La Morgue – The Cadaver Experiment/Haunted Attraction Concept – UCF
Independent project: By Amy K. Avalos (MFA, MS, BAS, BA, AA)
Project Origination: Graduate Thesis – at UCF, for an MFA in Themed Experience
Website: www.Designology.carbonmade.com
LinkedIn: linkedin.com/in/amy-k-avalos/
Contact: amya4432@yahoo.com
Overview
This proposed haunted attraction concept has been inspired by the Paris Morgue, which operated between 1804 to1907 and is based at the height of the Morgue’s existence in the late 1880’s.
As part of the guest experience, guests will be loaded onto old medical gurneys, then transported through the attraction as an “Un-dead” cadaver. This includes being placed in cold storage, having an autopsy “performed” on them, an attempted cremation, and then they are buried alive.
Story/Narrative
A mysterious and unknown plague has hit the local city hard, and the city is in complete chaos. Dr. Adrien Boucher, the local medical examiner is rumored to have been working on cadavers for a cure.
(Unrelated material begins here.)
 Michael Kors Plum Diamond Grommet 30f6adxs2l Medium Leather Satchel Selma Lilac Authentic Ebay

The locals have heard that the Doc has had a recent breakthrough, but it could be at all costs. Little do the locals know that instead, the Doc has completely lost his mind and is maddeningly performing various tests and autopsies on every subject he can get his hands on – dead or alive.
Full Animatic
Design Intent
Maze designs and layouts, have become excessively routine and exceptionally predictable to guests, thus setting up a preconceived expectation of the experience. Walkthrough mazes enable guests to preemptively know how or what to expect, and are likely to somewhat predict typical scares, while also providing them with the opportunity to rush though the experience.
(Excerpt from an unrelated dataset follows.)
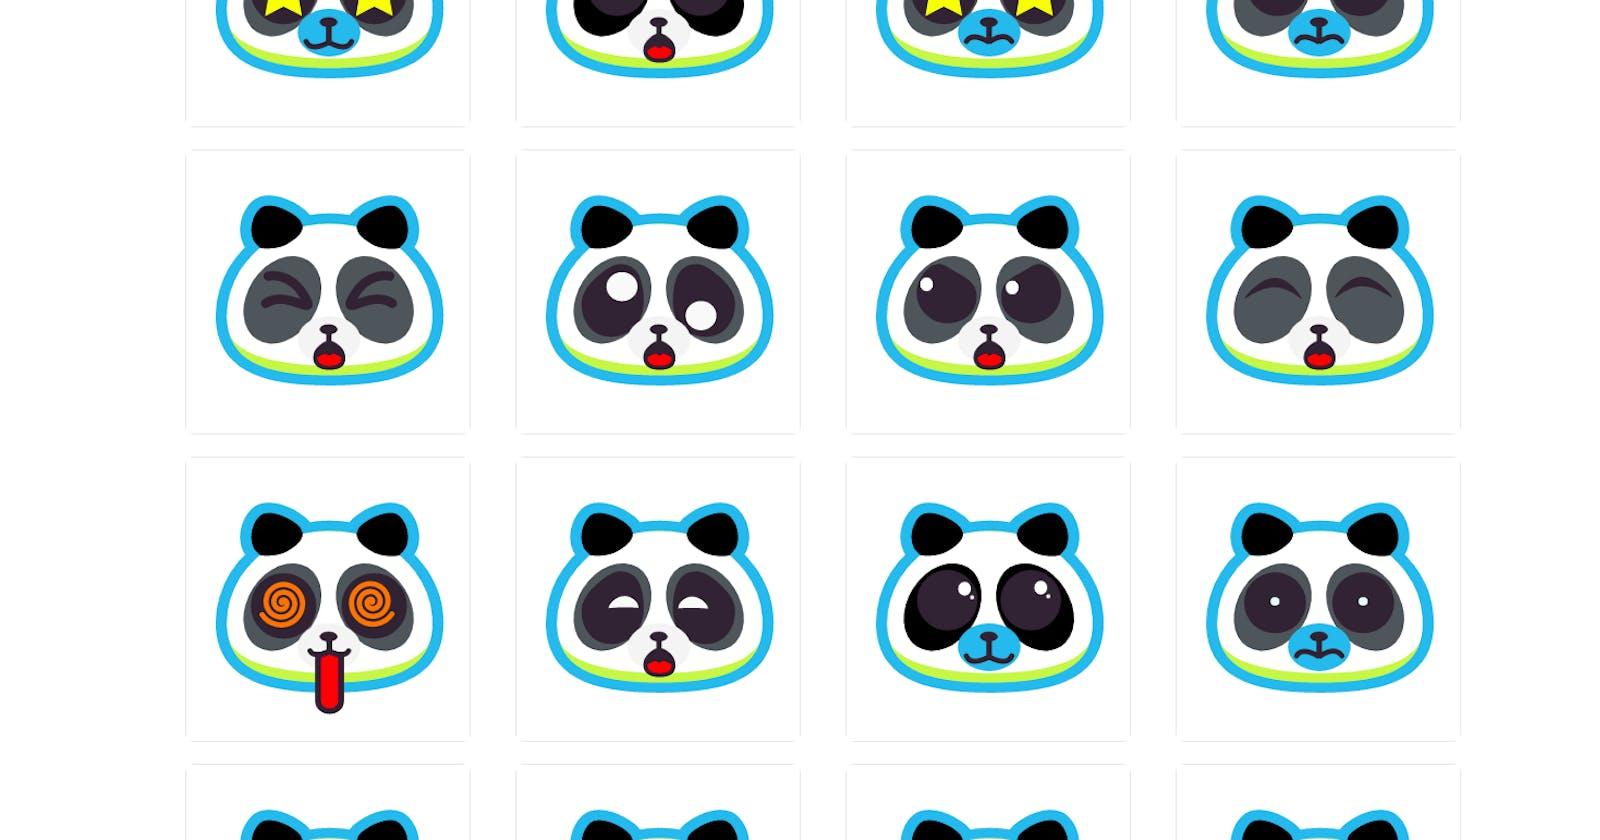 Introducing Avatarsum: Cute Pandas for your app

In this concept, guests would be concentrated to a particular room or/to limited areas. They would also be restrained in various manners, impeding any “fight or flight” behaviors, and would likewise incorporate ways of “Breaking the fourth wall” with the guests in the experience. Guests will generate active dialog and have active actions to perform with scare actors making them an active agent. This ties the guest into the story, as opposed to guests taking on the traditional role as a non-active agent or passive guest (as where guests walk past scenes and scare actors with minimal to no dialog or actions to perform).
Attached Documents
La Morgue Haunted Attraction – Full PPT Deck _5.30.22
LA MORGUE STORY_NARRATIVE 5.29.22
Partial Slide Deck:
Full Research/Thesis – If desired, but not essential for this review.
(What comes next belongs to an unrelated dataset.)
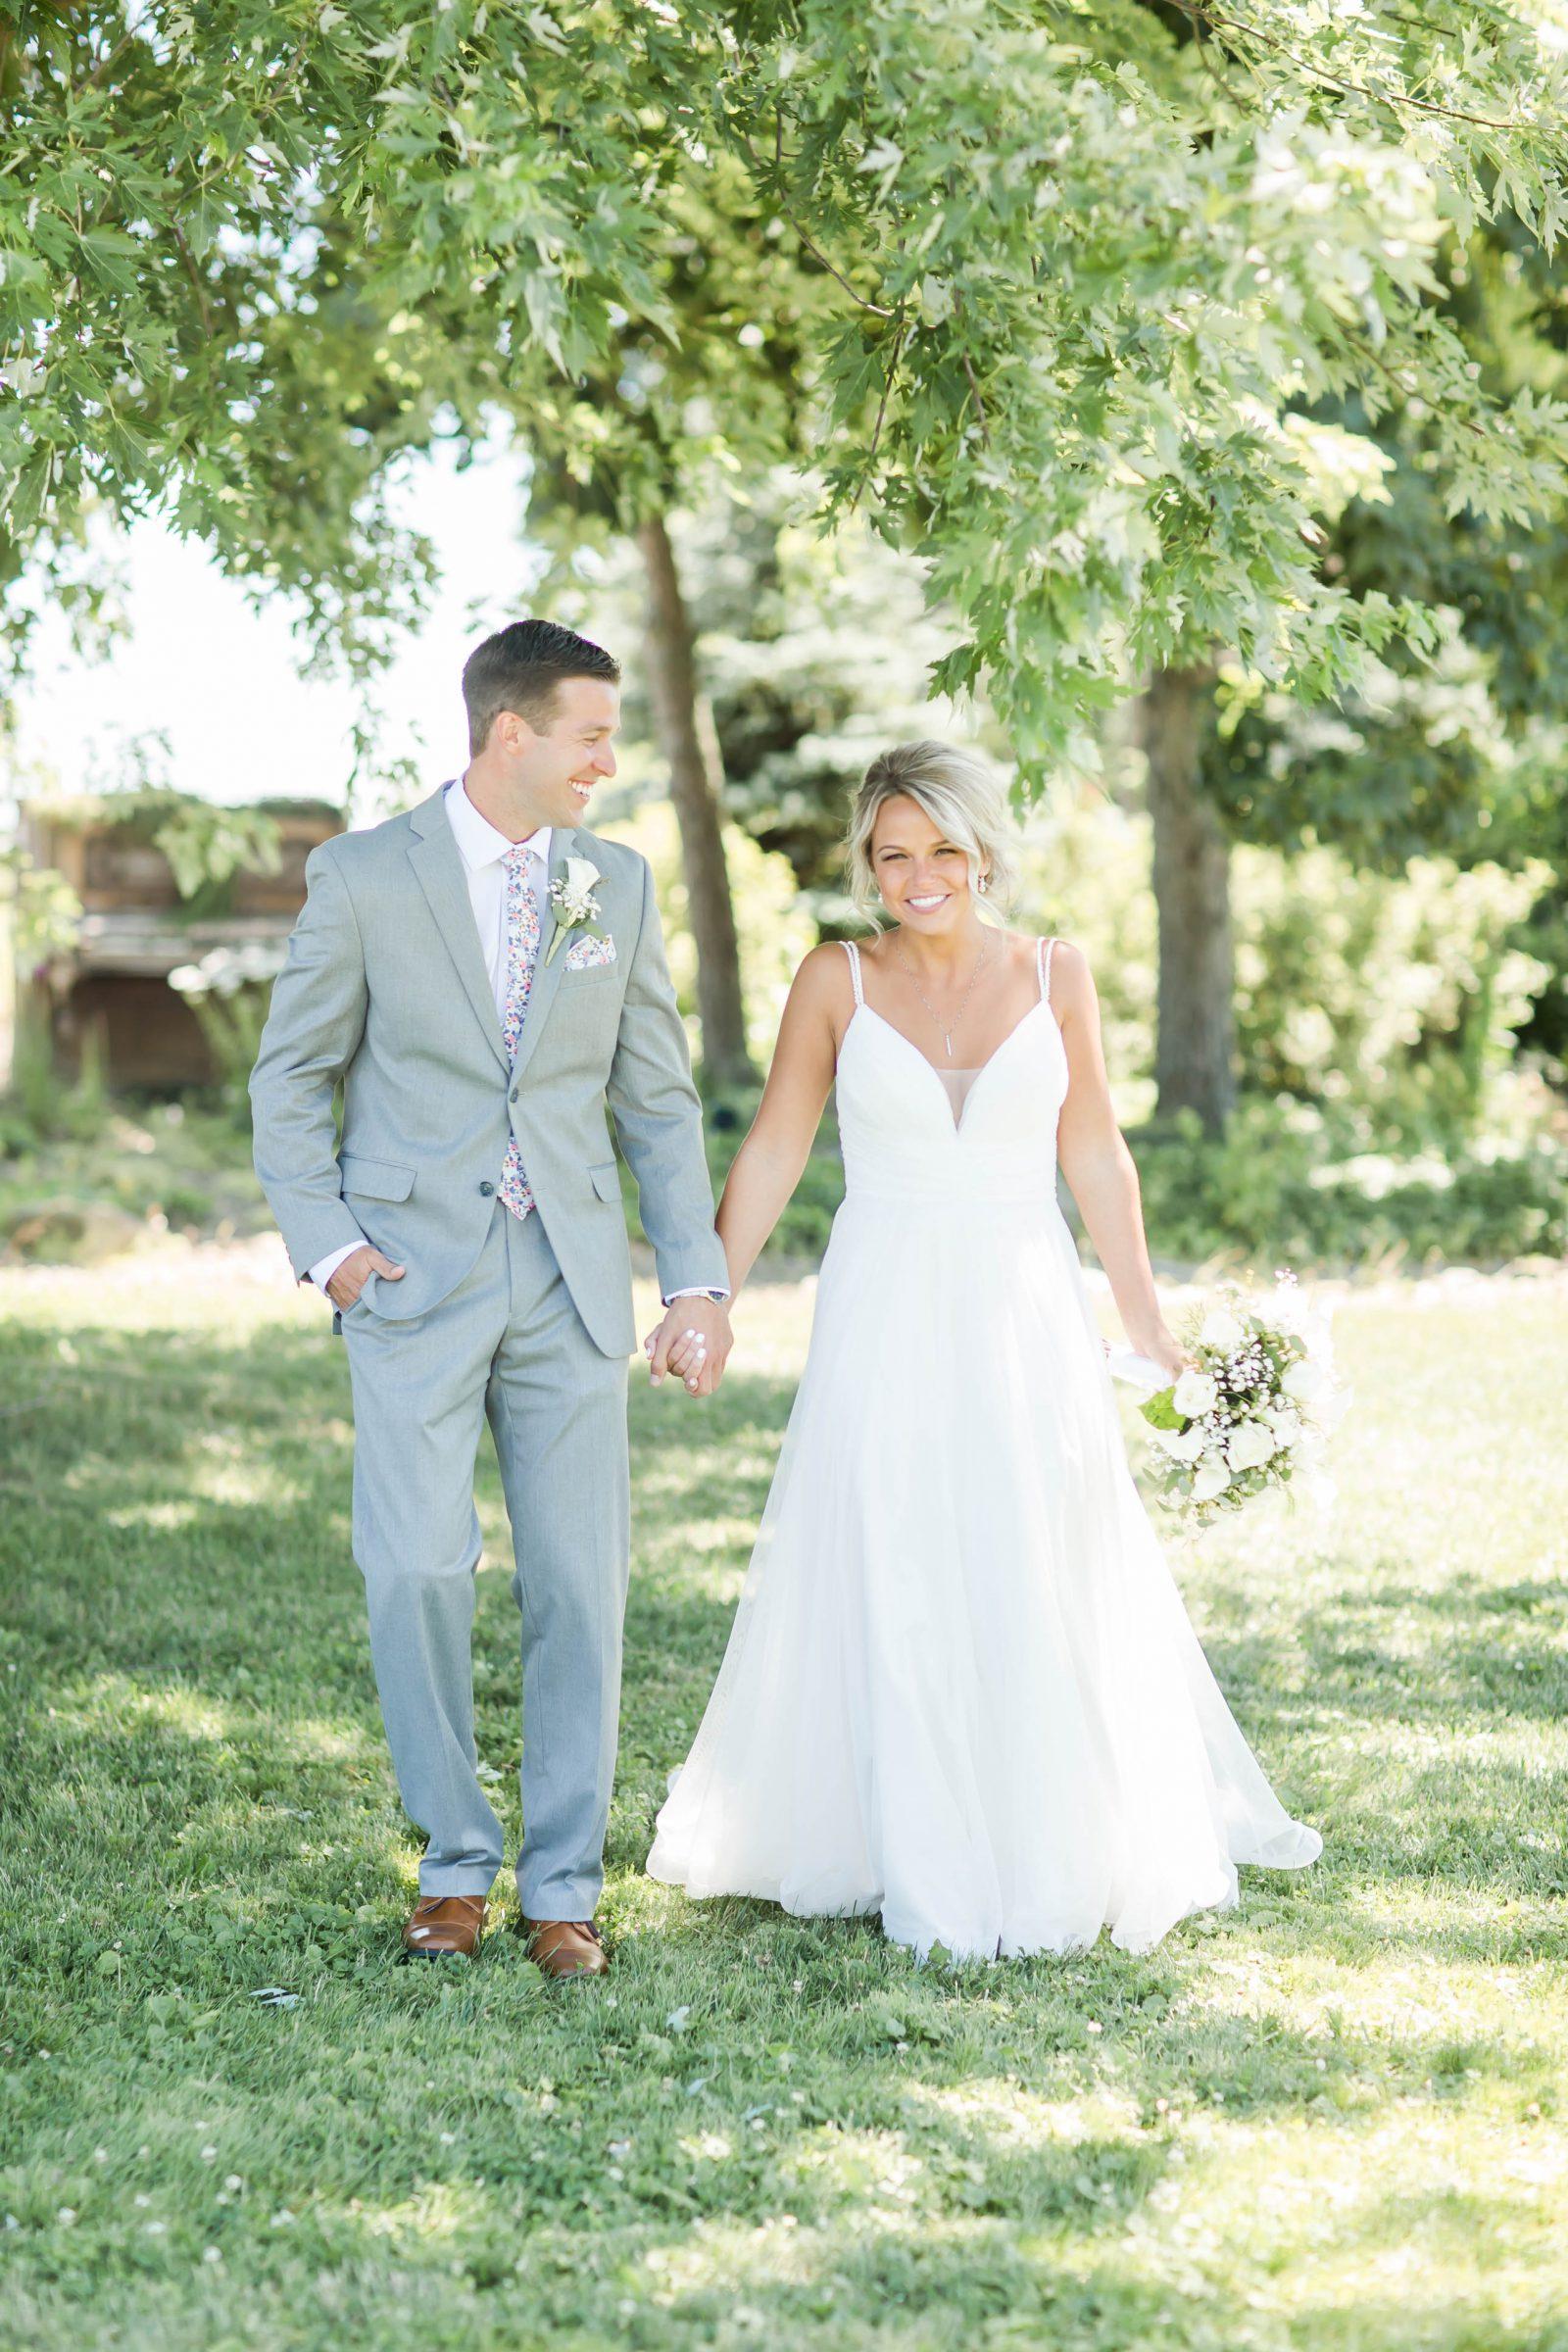 peacock-ridge-summer-wedding-photographer-akron-ohio-loren-jackson-photography-47

Breaking the Mold- Haunted Attraction Mazes_FINAL_4.18.22r
Thesis Abstract:
Every enchanted Fall season, a segment of the public flocks to a multitude of haunted Halloween attractions across the U.S., to experience fear as a form of amusement and entertainment. Psychologists continue to research the physiological and cognitive behaviors that are associated with fear and the “fight or flight” responses that are triggered when individuals are engaged in a heighten sense of danger. As paying customers, (from here on referred to as “a guest(s),”) traverses through these haunted experiences, it’s commonplace for guests to enter into typical modes of “fight or flight” behaviors very quickly. Once this response kicks in, the guests’ instinct is to scramble through each haunt scene as quickly as possible, in order to return to safety, thus rushing through and fleeing the experience.
The most standard blueprint for these types of attractions, are typically in the form of a maze-like walkthrough floor plan. This study will work to examine and explore a haunted attraction design that incorporate experiences in a singular room or in a series of singular rooms, as compared to the traditional walkthrough haunted maze layouts. This proposed design concept will also work to incorporate various ways of guest engagement, increased intensity, and deeper depths of immersion in addition to combining advancing methods of “breaking the fourth wall,” with guests.